Abbreviations: ω-3, omega-3; PUFAs, polyunsaturated fatty acids; qPCR, quantitative real-time polymerase chain reaction; EPA, eicosapentaenoic acid; DHA, docosahexaenoic acid; ALA, alpha-linolenic acid; Q-FISH, quantitative-fluorescent in situ hybridization.

Meta-analysis

Overall, we meta-analyzed 5 clinical trials involving a total of 337 participants. Using a random effect model, the meta-analysis showed a statistically significant effect of ω-3 fatty acids supplementation on TL (mean difference = 0.16; 95% CI, 0.02, 0.30; p = 0.02) (Figure 2a). However, there was significant evidence of high heterogeneity (I 2 85%) in the overall analysis. Thus, we conducted a sensitivity analysis by omitting 1 study with no control from the primary analysis and recalculating the effect size. After the sensitivity analysis, the positive effects of ω-3 fatty acids on TL remained significant (mean difference = 0.21; 95% CI, 0.07, 0.36; p < 0.01) (Figure 2b). Although the heterogeneity was reduced to I 2 = 69%, the grade remained moderate.

Figure 2 Forest plots showing the effect of omega-3 fatty acids supplementation on the telomere length. (a) Forest plot of the overall analysis. (b) Forest plot of the sensitivity analysis.
Figure 2

Forest plots showing the effect of omega-3 fatty acids supplementation on the telomere length. (a) Forest plot of the overall analysis. (b) Forest plot of the sensitivity analysis.

The publication bias was assessed using funnel plots. As shown in Figure 3, the funnel plot analysis revealed that the risk of publication bias was low. Results for the risk of bias are shown in Table 2 and Figure 4. The critical appraisal tools of the intervention trials show good quality in the methodology.

Figure 3 Funnel plots of risk of publication bias: (a) overall analysis and (b) sensitivity analysis.
Figure 3

Funnel plots of risk of publication bias: (a) overall analysis and (b) sensitivity analysis.

Table 2

Quality assessment of the included interventional trials

Articles Random sequence generation Allocation concealment Blinding of participants and personnel Blinding of outcome assessment Incomplete outcome data (attrition bias) Selective reporting Other bias
Barden et al., 2016 [29] Low Low Low Low Unclear Low Low
Kiecolt-Glasera et al., 2013 [30] Low Low Low Low Low Low Low
O’Callaghan et al., 2014 [31] Low Low Low Low Low Low Low
Bias due to confounding Bias in the selection of participants into the study Bias in the classification of interventions Bias due to deviations from intended interventions Bias due to missing data Bias in measurement of outcomes Bias in selection of the reported result
Balcerczyk et al., 2014 [28] Low Low Low Low
Tsoukalast et al., 2019 [32] Moderate Low Low Low Low Low Low
Figure 4 Risk of bias graph.
Figure 4

Risk of bias graph.

Discussion

To the best of our knowledge, the present study is the first meta-analysis conducted to date showing a beneficial association between supplementation of ω-3 fatty acids and TL. Despite the limited number of clinical studies included in this meta-analysis, there is evidence that ω-3 fatty acids may have a role in telomere maintenance. Moreover, these results are consistent with previous studies showing that key foods rich in antioxidants and anti-inflammatory components may positively influence telomere attrition [33,34]. However, most of the trials examined here used different sample sizes, treatment durations, and involved a large variety of dosages of ω-3 fatty acids.

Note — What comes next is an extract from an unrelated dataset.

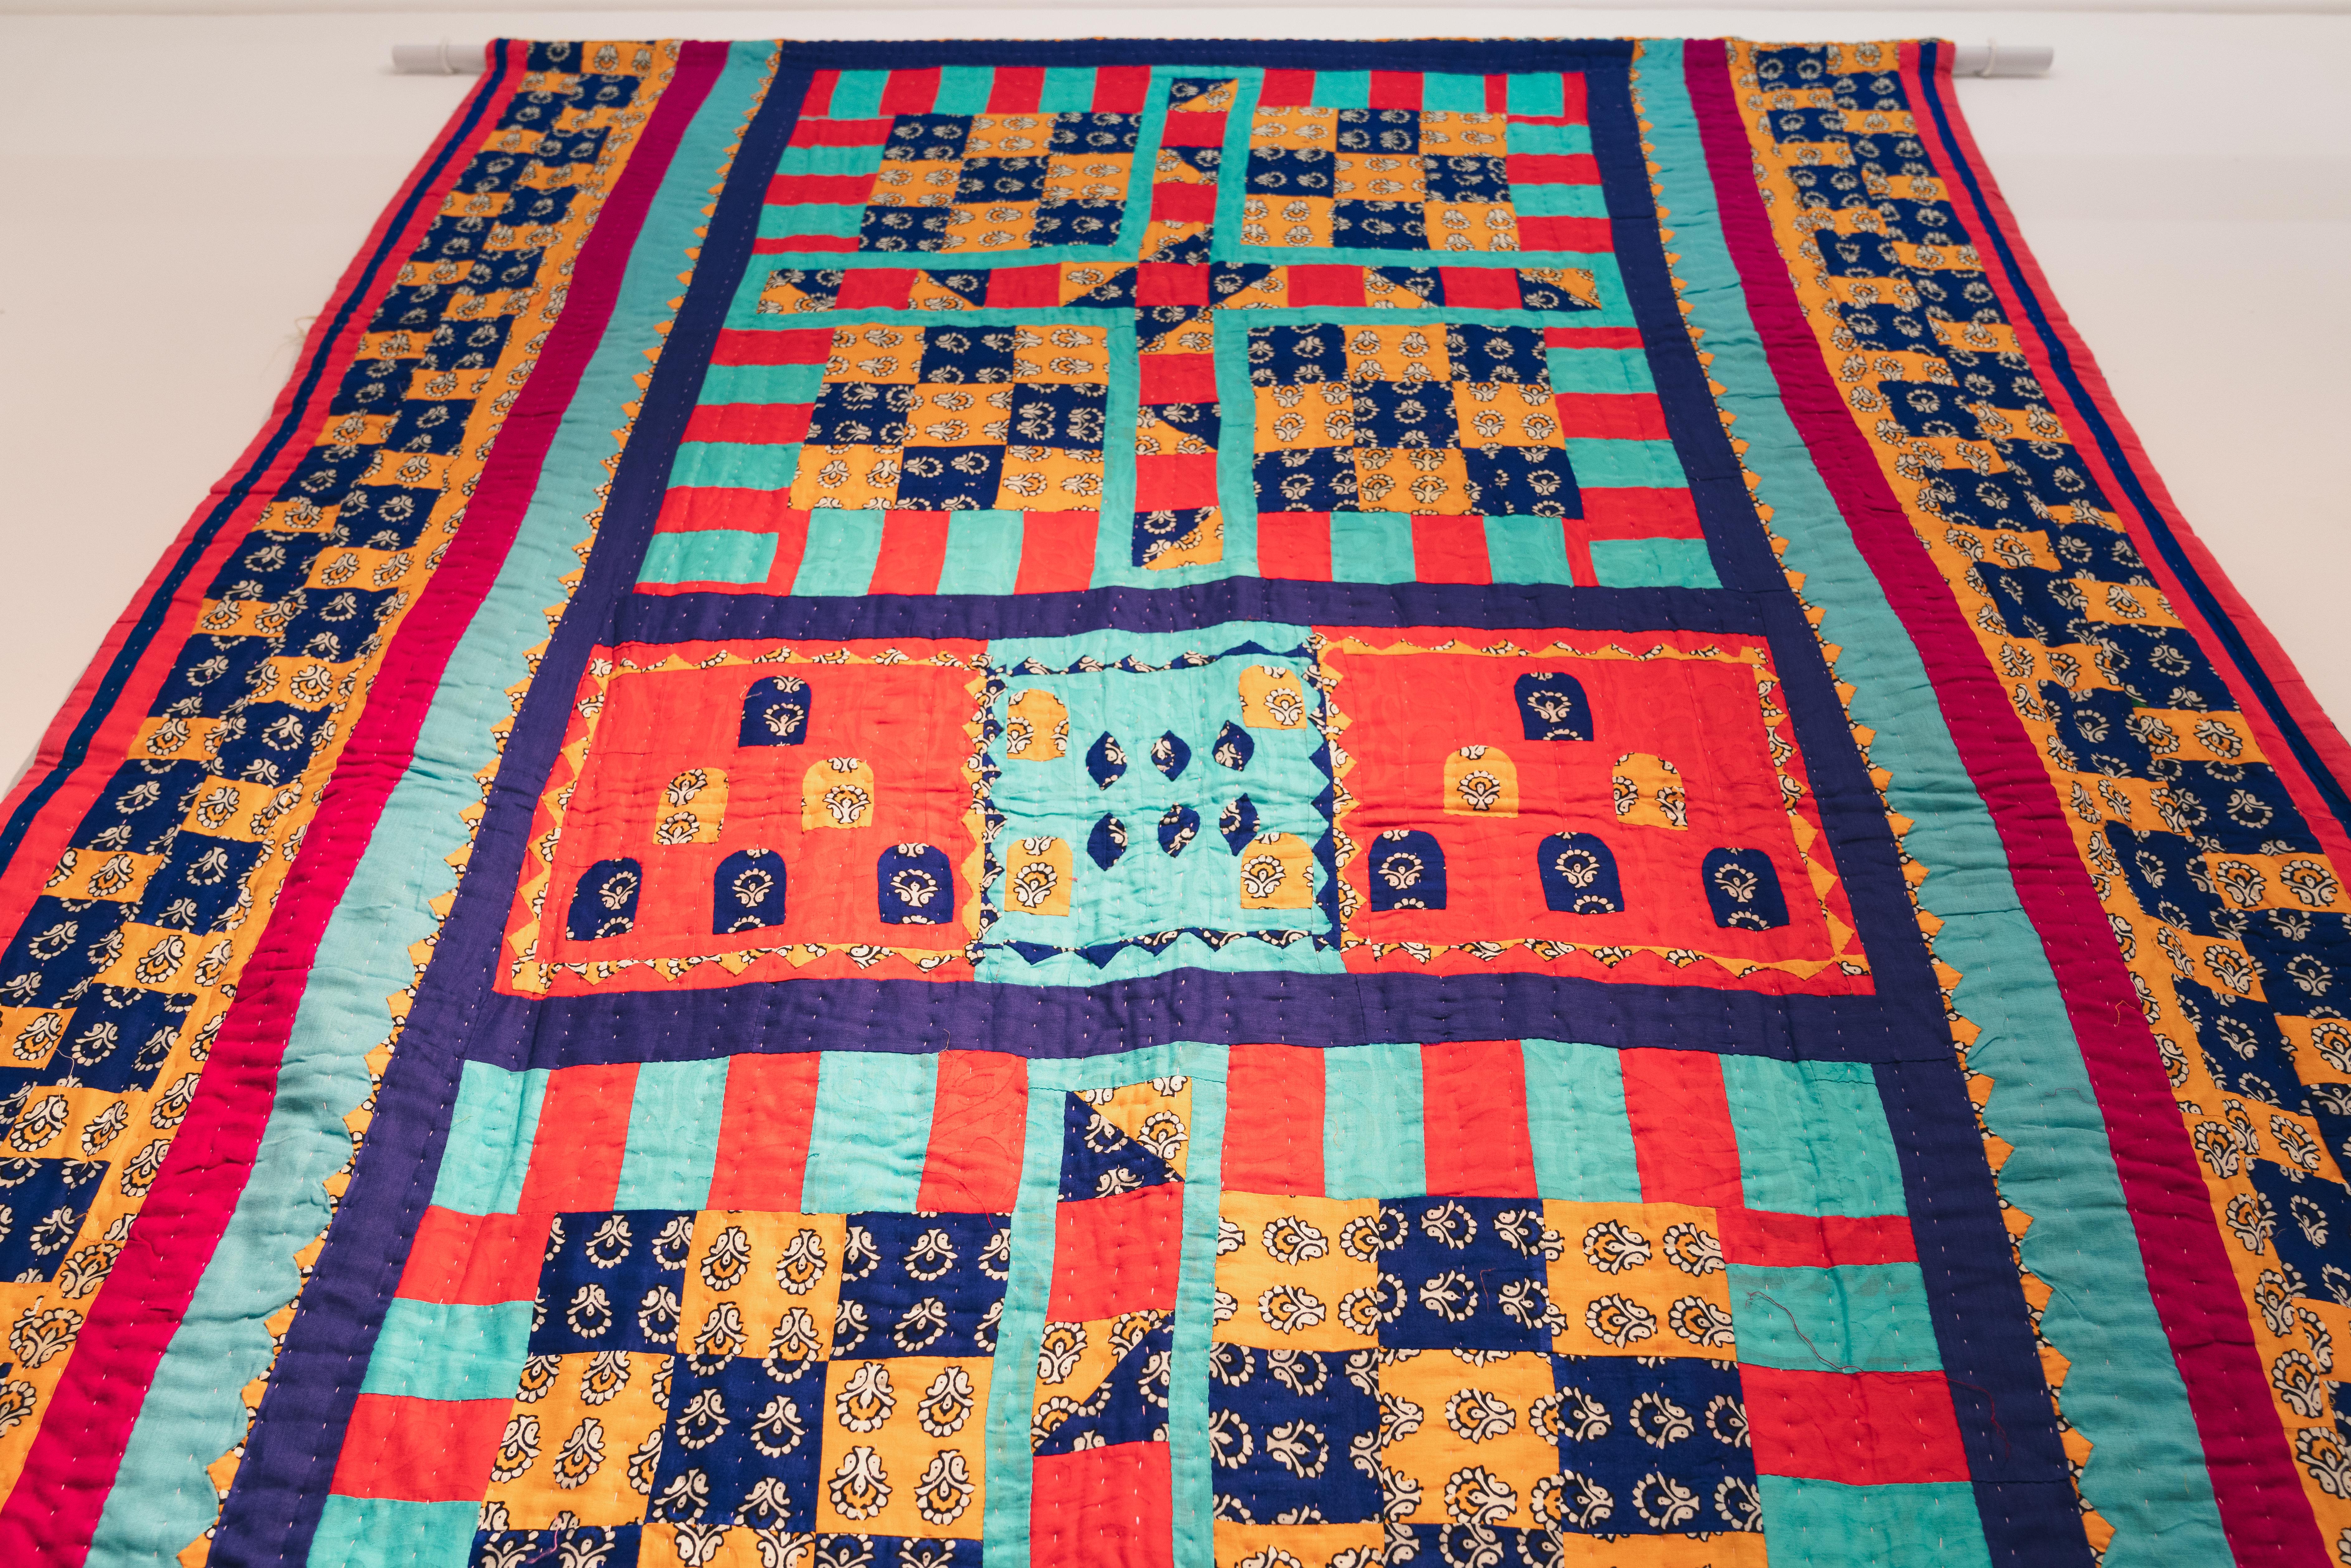 Katab Quilting Stories - Blackburn Museum - British Textile Biennial - 04-10-19 - Richard Tymon-14

In the RCT conducted by O’ Callaghan et al., six months of daily supplementation with two different doses of EPA and DHA (1.67 g EPA + 0.16 g DHA; 1.55 g DHA + 0.40 g EPA) reduced telomere shortening in older adults with mild cognitive impairment when compared to the group supplemented with linoleic fatty acid [31]. Although this study has a longer duration than others, the main limitation was the limited sample size (n = 33). In contrast, Kiecolt-Glasera et al. conducted an RCT with a larger sample size (n = 106) involving overweight subjects. After four months of supplementation with two different doses of ω-3 PUFAs (2.5 or l.25 g/day), TL increased in the active group while it tended to decrease in the control group. Likewise, a reduction of F2-isoprostanes, an oxidative stress biomarker, was observed in the supplemented group compared to the placebo [30]. Despite a small number of participants (n = 47), the beneficial effects of ω-3 PUFAs on the length of short telomeres were also demonstrated by Tsoukalast et al. in a cohort of healthy volunteers. They used a nutraceutical supplement with 466.8 mg of EPA + DHA and the supplementation period lasted for 6–12 months [32]. In another two studies included in this meta-analysis, no statistically significant effect on TL was observed after supplementation with ω-3 PUFAs [28,29]. However, Barden et al. obtained a significant result when TL was corrected for neutrophil counts. This finding was associated with reduced levels of F2-isoprostanes and it may relate to increased clearance of neutrophils with shorter telomeres from the circulation.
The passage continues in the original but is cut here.